━━━━━ Data ━━━━━

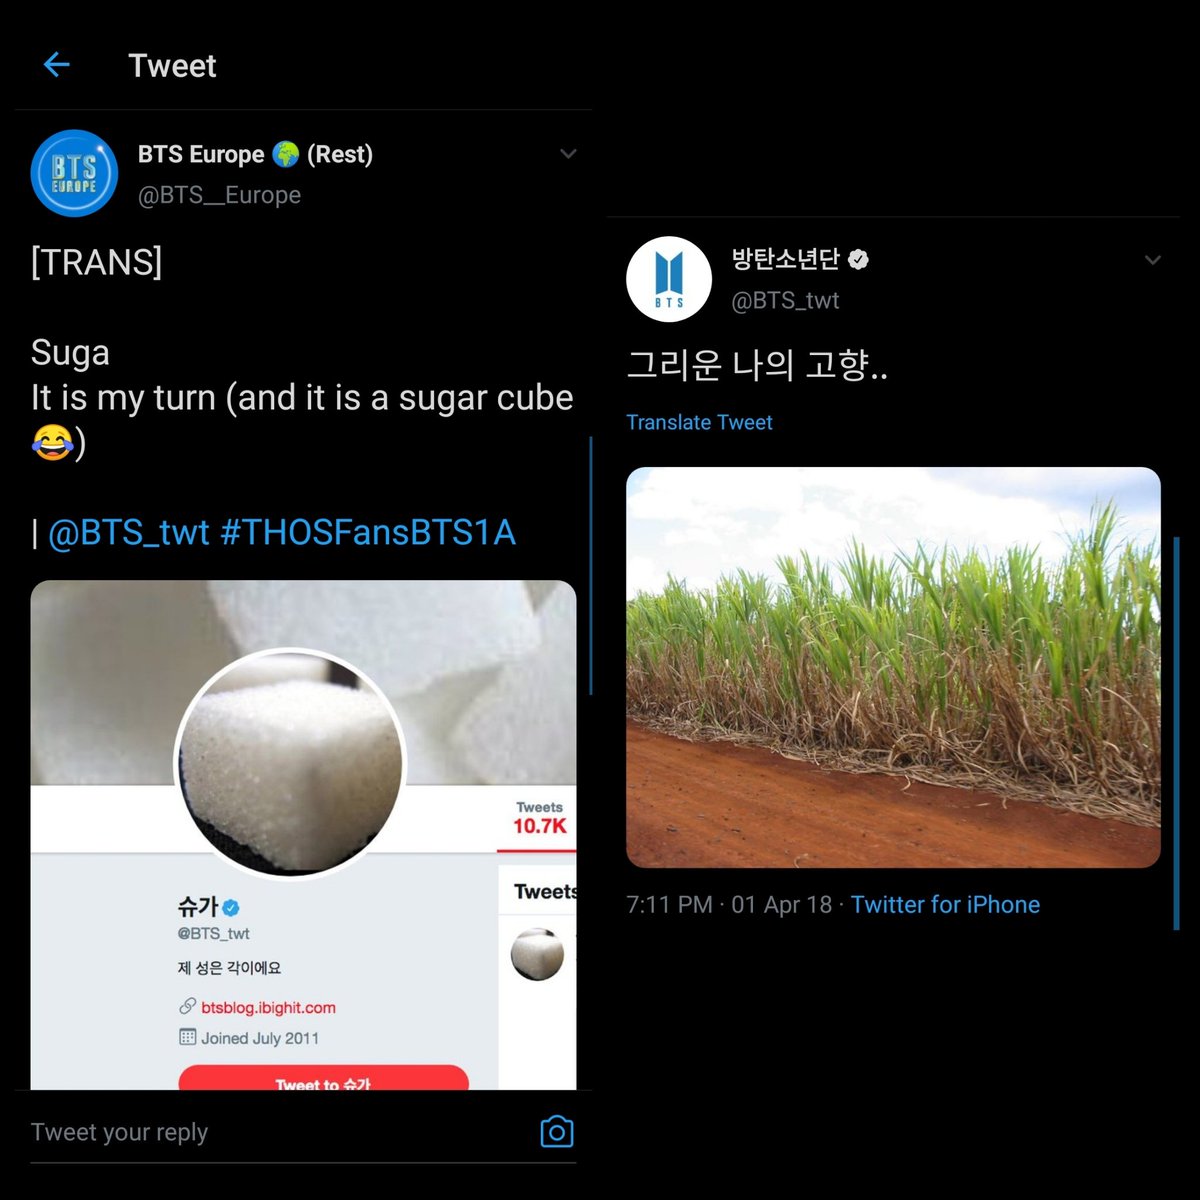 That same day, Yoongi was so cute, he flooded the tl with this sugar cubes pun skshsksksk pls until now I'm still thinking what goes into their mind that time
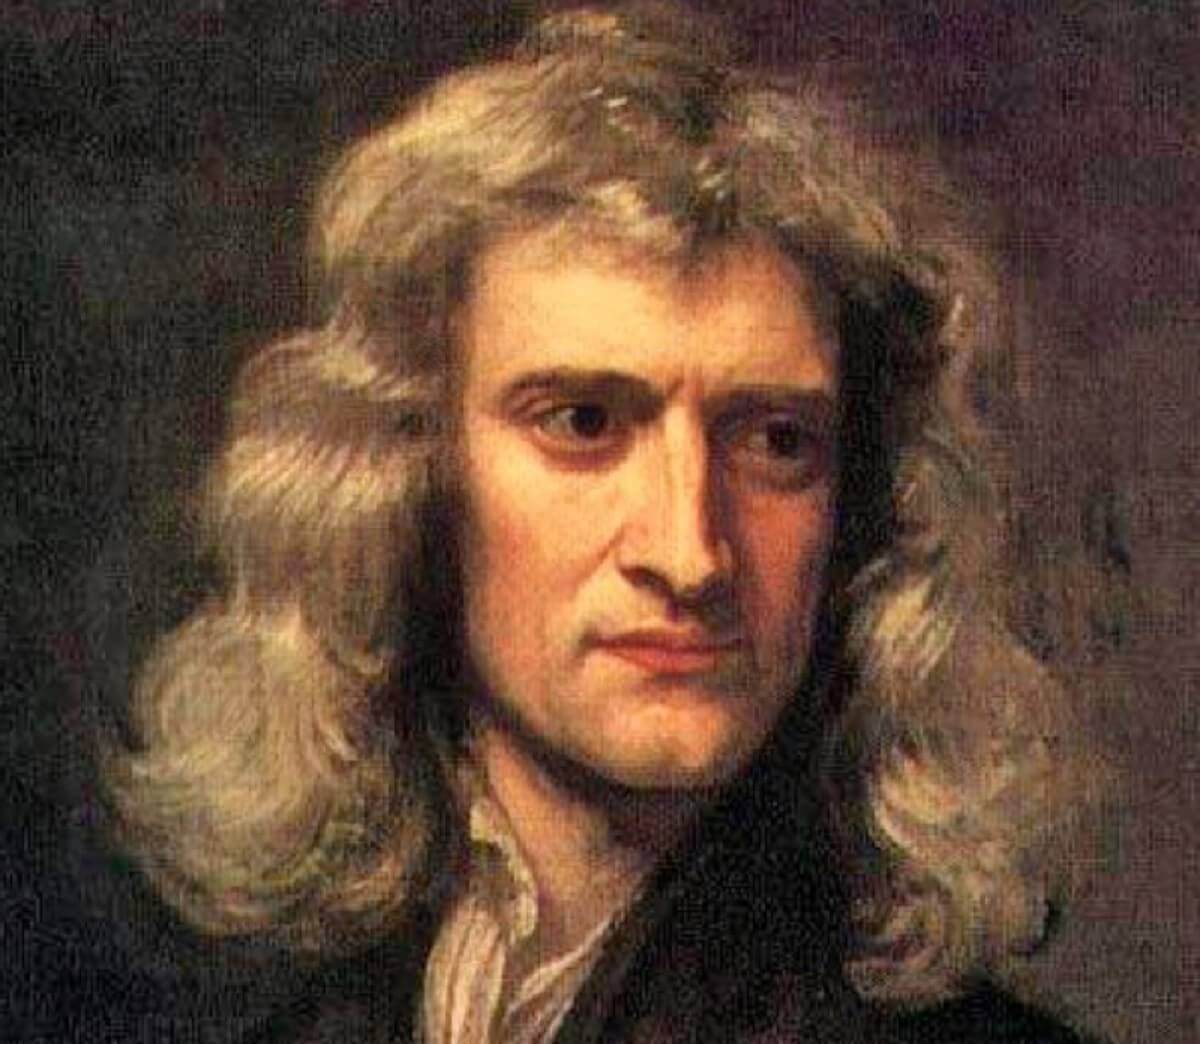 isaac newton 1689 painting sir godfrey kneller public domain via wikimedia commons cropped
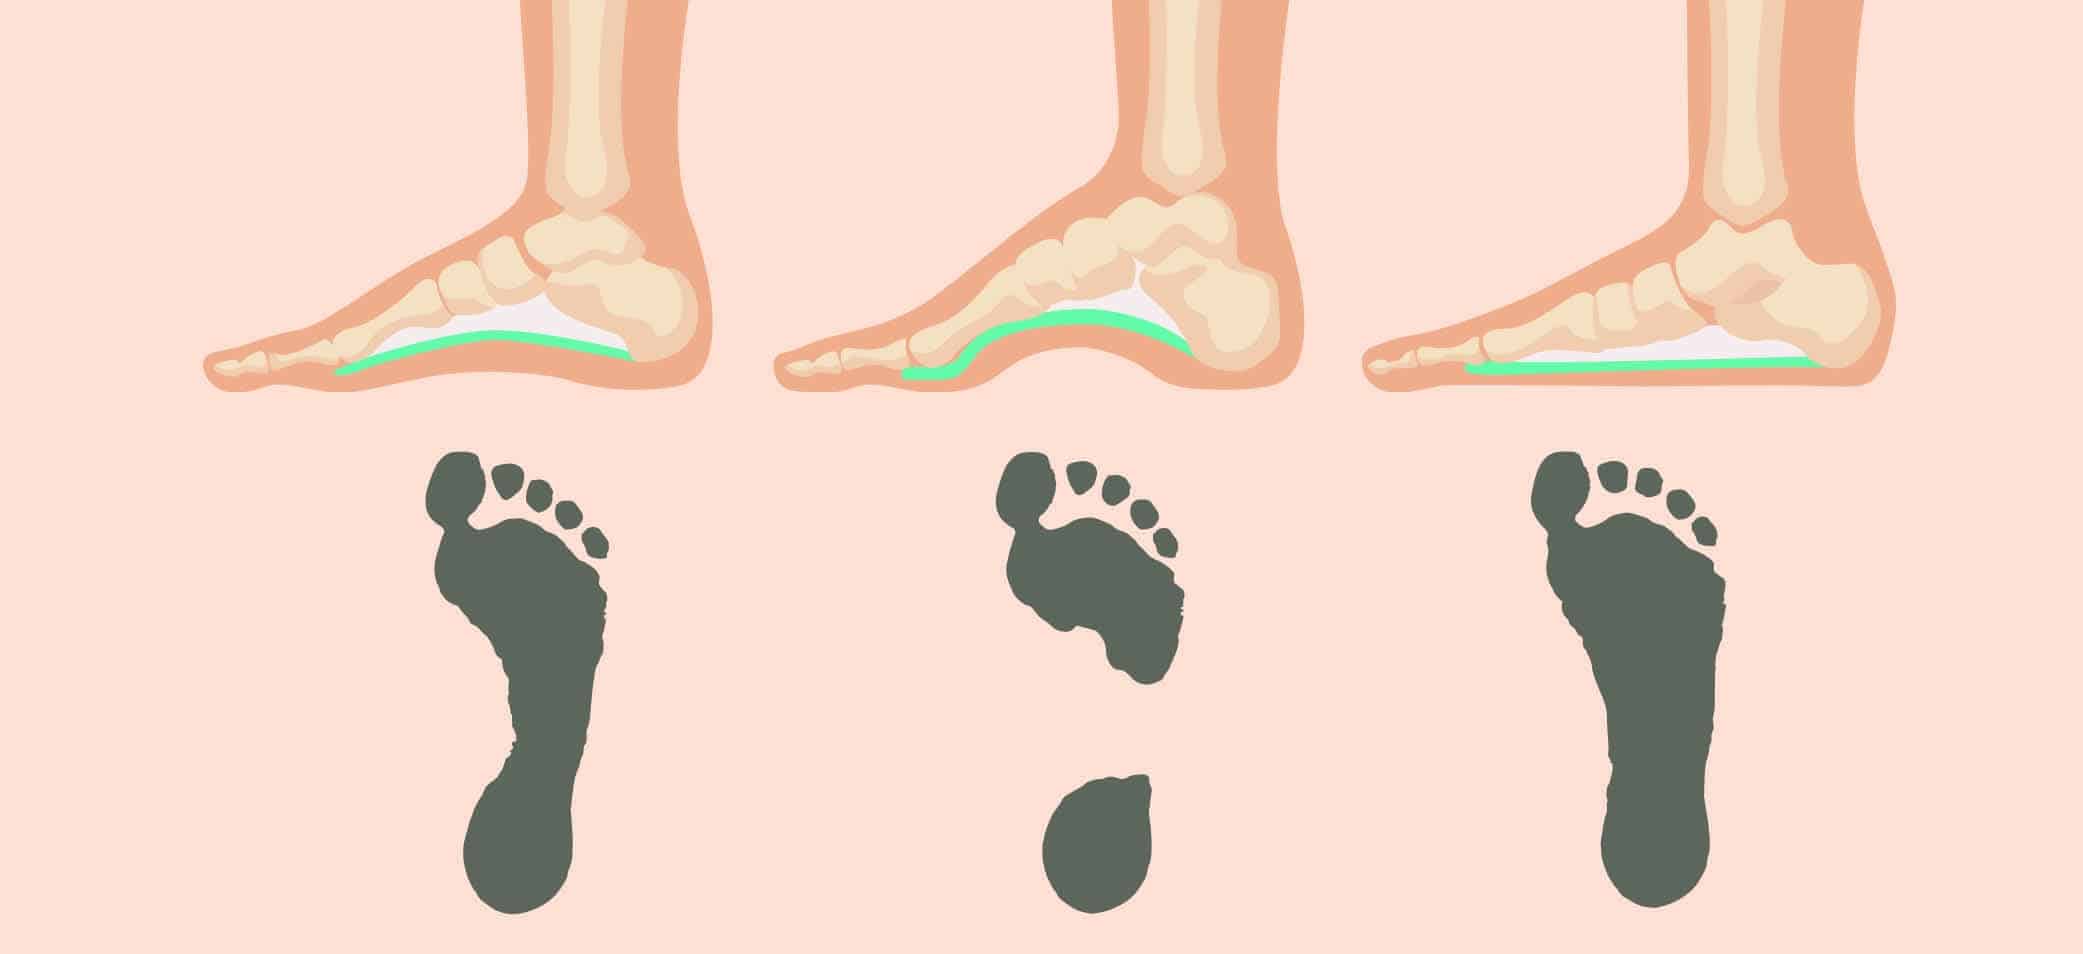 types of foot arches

━━━━━

● Exercise
Would you return the material above exactly, apart from its pictures?

● Task answer
 That same day, Yoongi was so cute, he flooded the tl with this sugar cubes pun skshsksksk pls until now I'm still thinking what goes into their mind that time
 isaac newton 1689 painting sir godfrey kneller public domain via wikimedia commons cropped
 types of foot arches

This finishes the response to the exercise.